Then, further, in this great thought of the Christian life being substantially a building up of oneself on Jesus is implied the need for continuous labour. You cannot build up a house in half an hour. You cannot do it, as the old fable told us that Orpheus did, by music, or by wishing. There must be dogged, hard, continuous, life-long effort if there is to be this building up. No man becomes a saint per saltum. No man makes a character at a flash. The stones are actions; the mortar is that mystical, awful thing, habit; and deeds cemented together by custom rise into that stately dwelling-place in which God abides. So, there is to be a life-long work in character, gradually rearing it into His likeness.

The metaphor also carries with it the idea of orderly progression. There are a number of other New Testament emblems which set forth this notion of the true Christian ideal as being continual growth. For instance, 'first the blade, then the ear, then the full corn in the ear,' represents it as resembling vegetable growth, while elsewhere it is likened to the growth of the human body. Both of these are beautiful images, in that they suggest that such progressive advancement is the natural consequence of life; and is in one aspect effortless and instinctive.

But then you have to supplement that emblem with others, and there comes in sharp contrast to it the metaphor which represents the Christian progress as being warfare. There the element of resistance is emphasised, and the thought is brought out that progress is to be made in spite of strong antagonisms, partly to be found in external circumstances, and partly to be found in our own treacherous selves. The growth of the corn or of the body does not cover the whole facts of the case, but there must be warfare in order to growth.

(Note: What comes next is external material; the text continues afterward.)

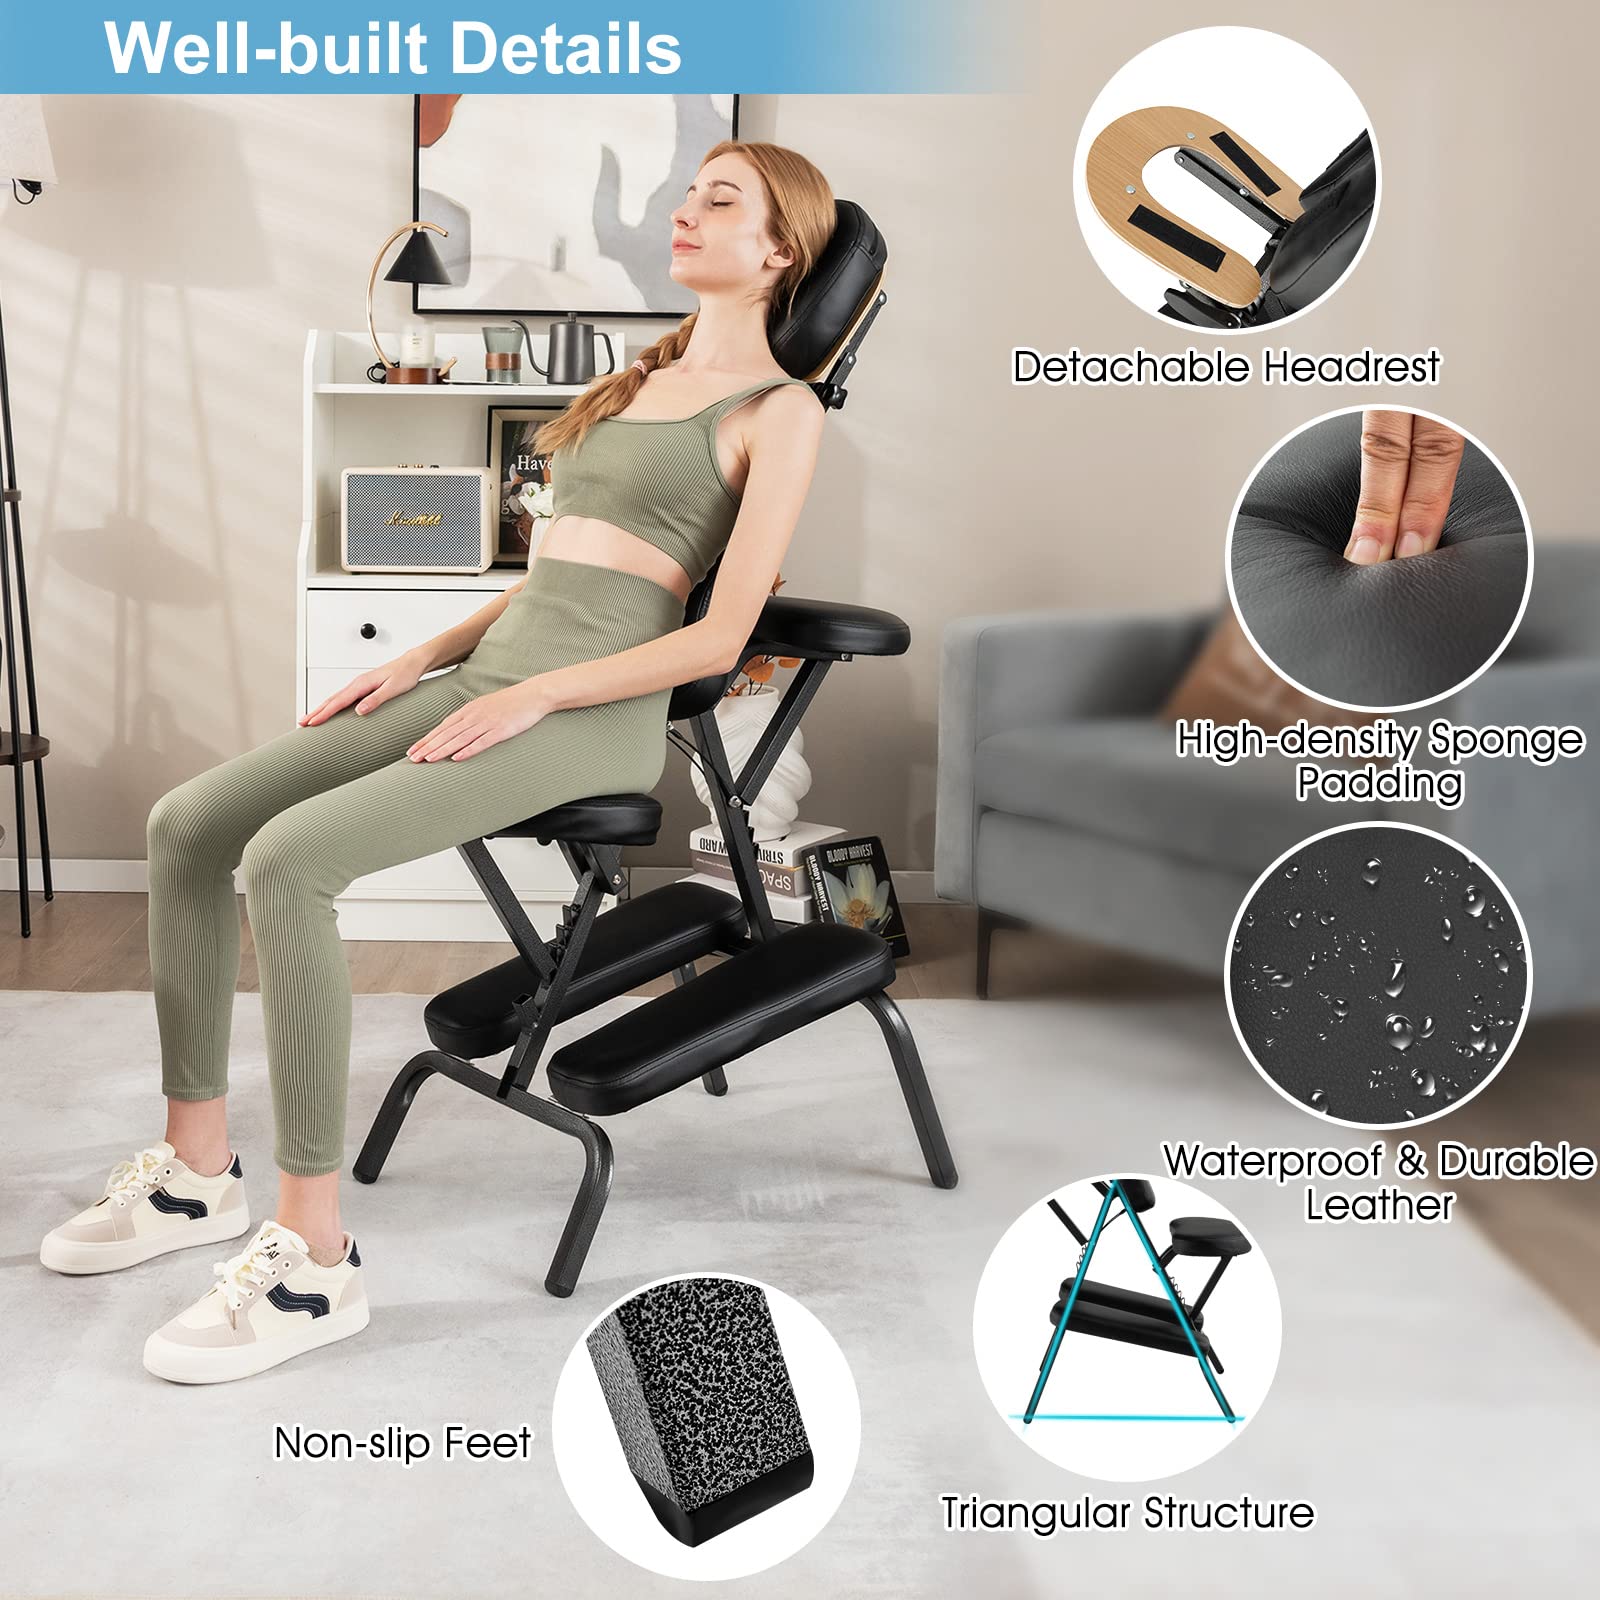 Portable Light Weight Massage Chair Travel Massage Tattoo Spa Chair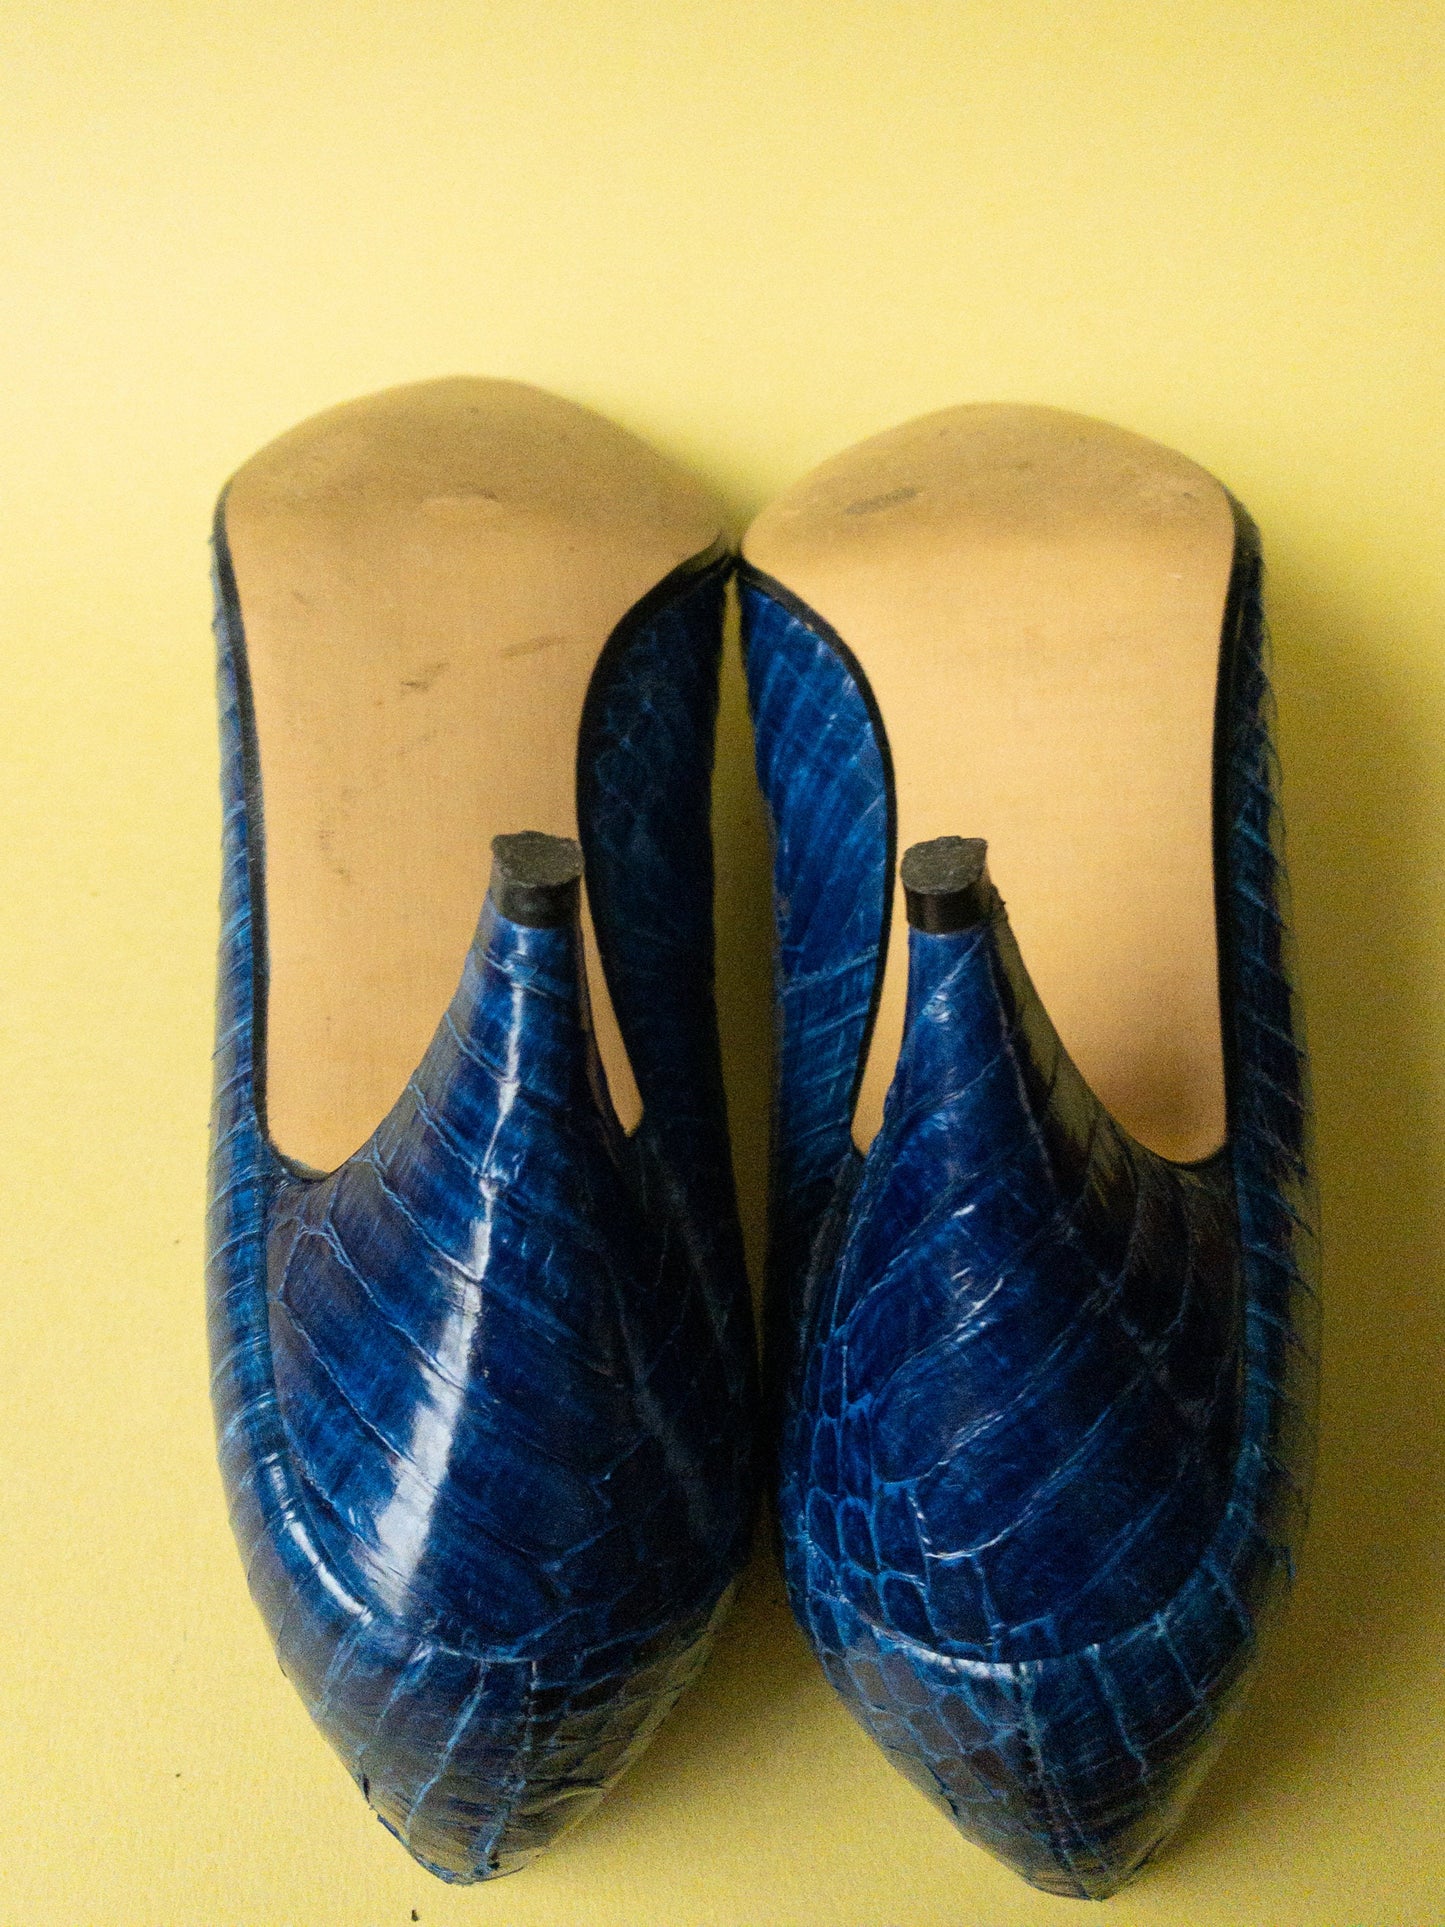 80s Blue Snakeskin Rosette High Heel Pumps  by J Renee

There is also the other metaphor by which this Christian progress, which is indispensable to the Christian life, and is to be carried on, whatever may oppose it, is regarded as a race. There the idea of the great, attractive, but far-off future reward comes into view, as well as the strained muscles and the screwed-up energy with which the runner presses towards the mark. But we have not only to fling the result forward into the future, and to think of the Christian life as all tending towards an end, which end is not realised here; but we have to think of it, in accordance with this metaphor of my text, as being continuously progressive, so as that, though unfinished, the building is there; and much is done, though all is not accomplished, and the courses rise slowly, surely, partially realising the divine Architect's ideal, long before the headstone is brought out with shoutings and tumult of acclaim. A continuous progress and approximation towards the perfect ideal of the temple completed, consecrated, and inhabited by God, lies in this metaphor.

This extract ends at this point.